The Great Blue Heron is one of the most widespread and adaptable wading birds in North America. They are found in both marine coastal and freshwater habitats. They are known primarily as a shoreline coastal wader that can also be found in the interior at elevations up to 2,500 m (8,200 feet). They are diurnal feeders that feed as solitary individuals or in small groups with other species of colonial waterbirds in shallow coastal marine waters, coastal mangrove swamps, sea beaches, prairie, pasture and cultivated fields, and aquacultural ponds. The occidentalis subspecies prefers freshwater systems. Inland birds also consume rodents and other animals. They consume amphibians, invertebrates, mammals and reptiles. Their nests are preyed upon by bald eagles, common ravens, crows, hawks and vultures as well-as bears, racoons, and snakes with first year mortality rates of 70%. They are also disturbed by human activity. They nest in mixed-species assemblages of colonial waterbird in trees, bushes, on the ground and on artificial structures usually near water. They prefer to nest in vegetation on islands or in swamps, to avoid ground predators. Colonies can reach several hundred pairs. They have life spans of up to twenty-three years.

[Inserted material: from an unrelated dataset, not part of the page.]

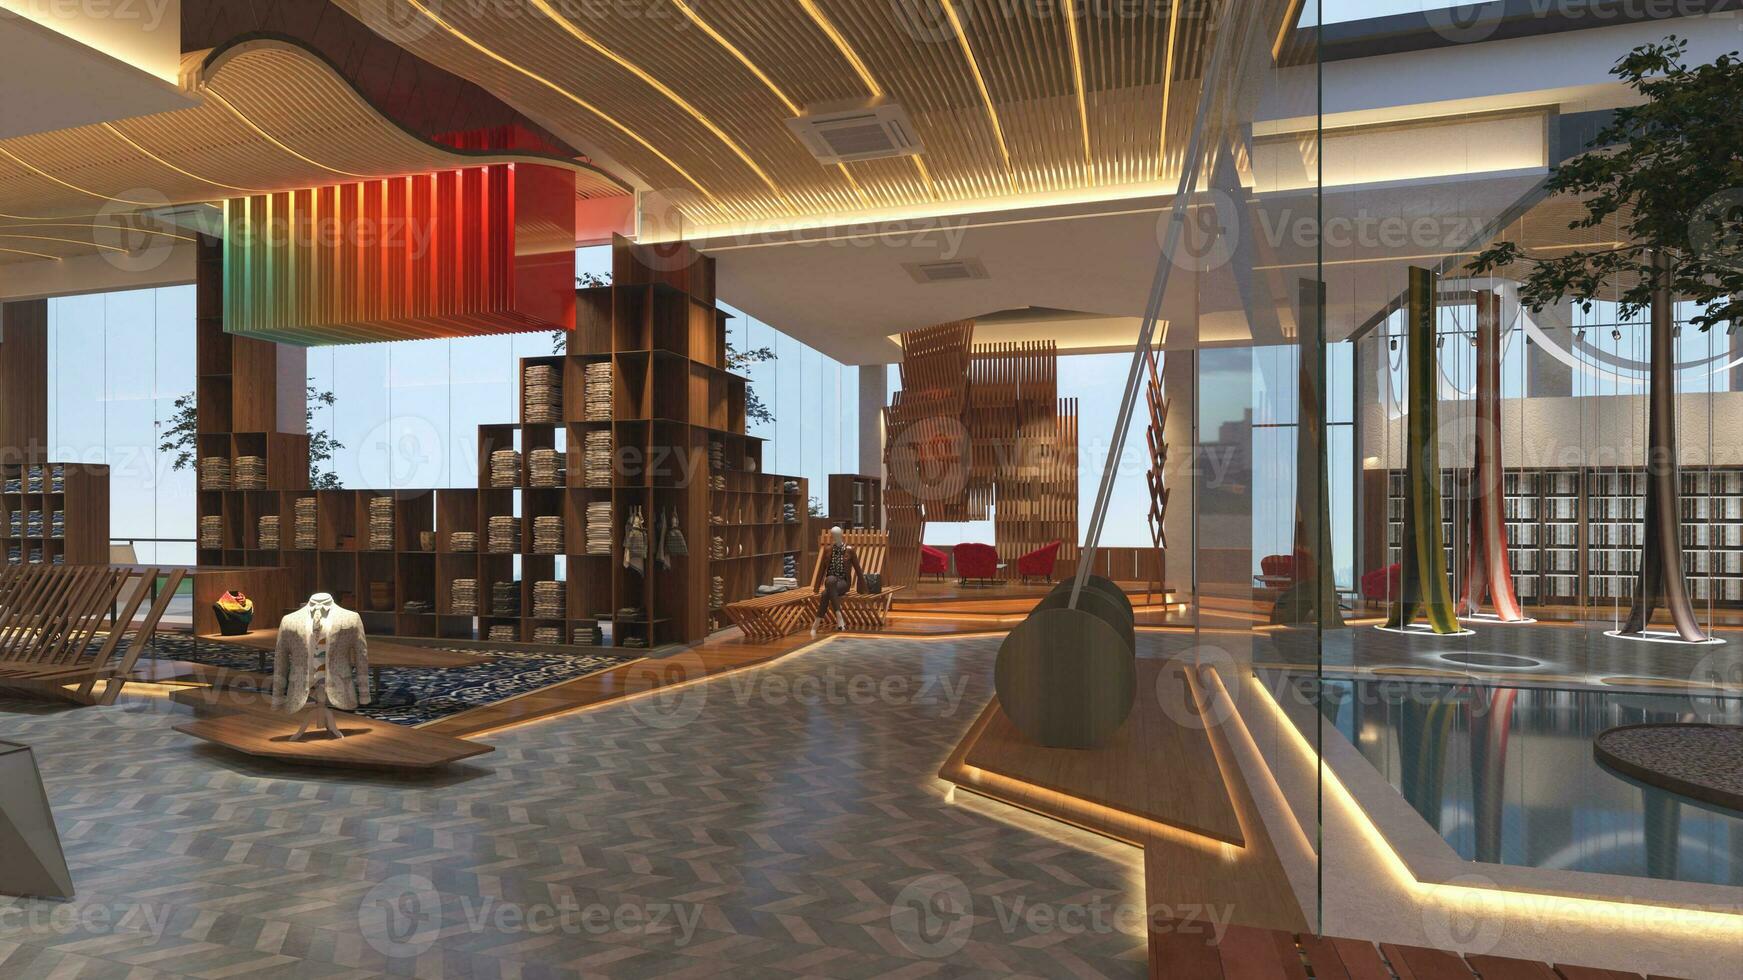 A Glimpse of Grandeur The Luxury Mall Interior Design at Shopping City 3D rendering photo
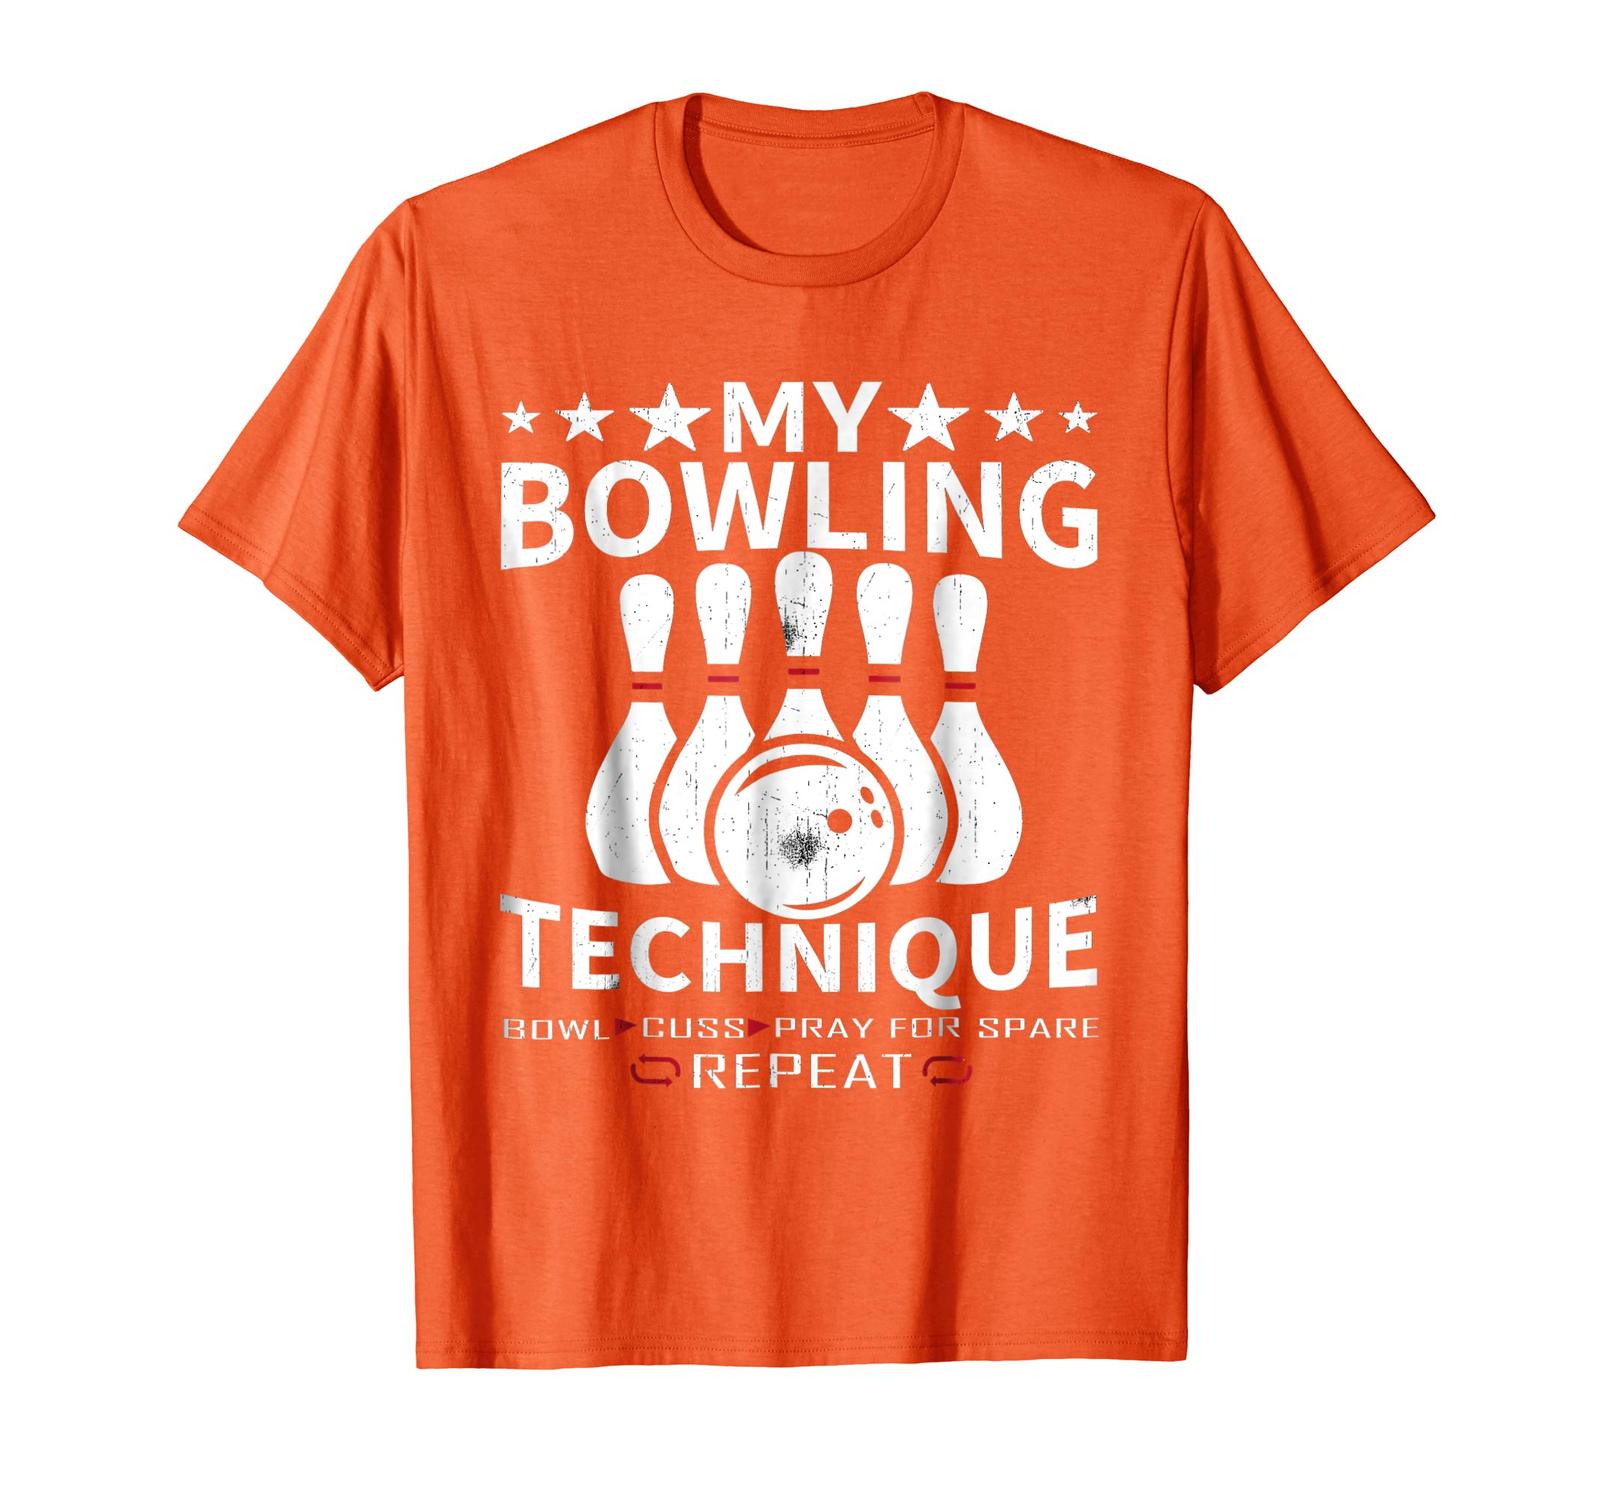 Funny Tee - My Bowling Technique T-Shirt - Funny Bowl League Member Tee ...

The Great Blue Heron is found throughout Mexico. They are both migratory and non-migratory. The herodias subspecies, found in eastern Mexico south to Tabasco, and the wardi subspecies, found in northwest Mexico south to Sinaloa, make seasonal migrations to warmer climates for wintering. The occidentalis subspecies found in the Yucatán are non-migratory.

The Great Blue Heron is unlikely to be confused with any other regularly occurring North American bird.

From a conservation perspective the Great Blue Heron is currently considered to be of Least Concern with stable, widely distributed populations. There long-term survival is threatened by destruction and degradation of wetland habitat that destroys nesting environments and feeding areas.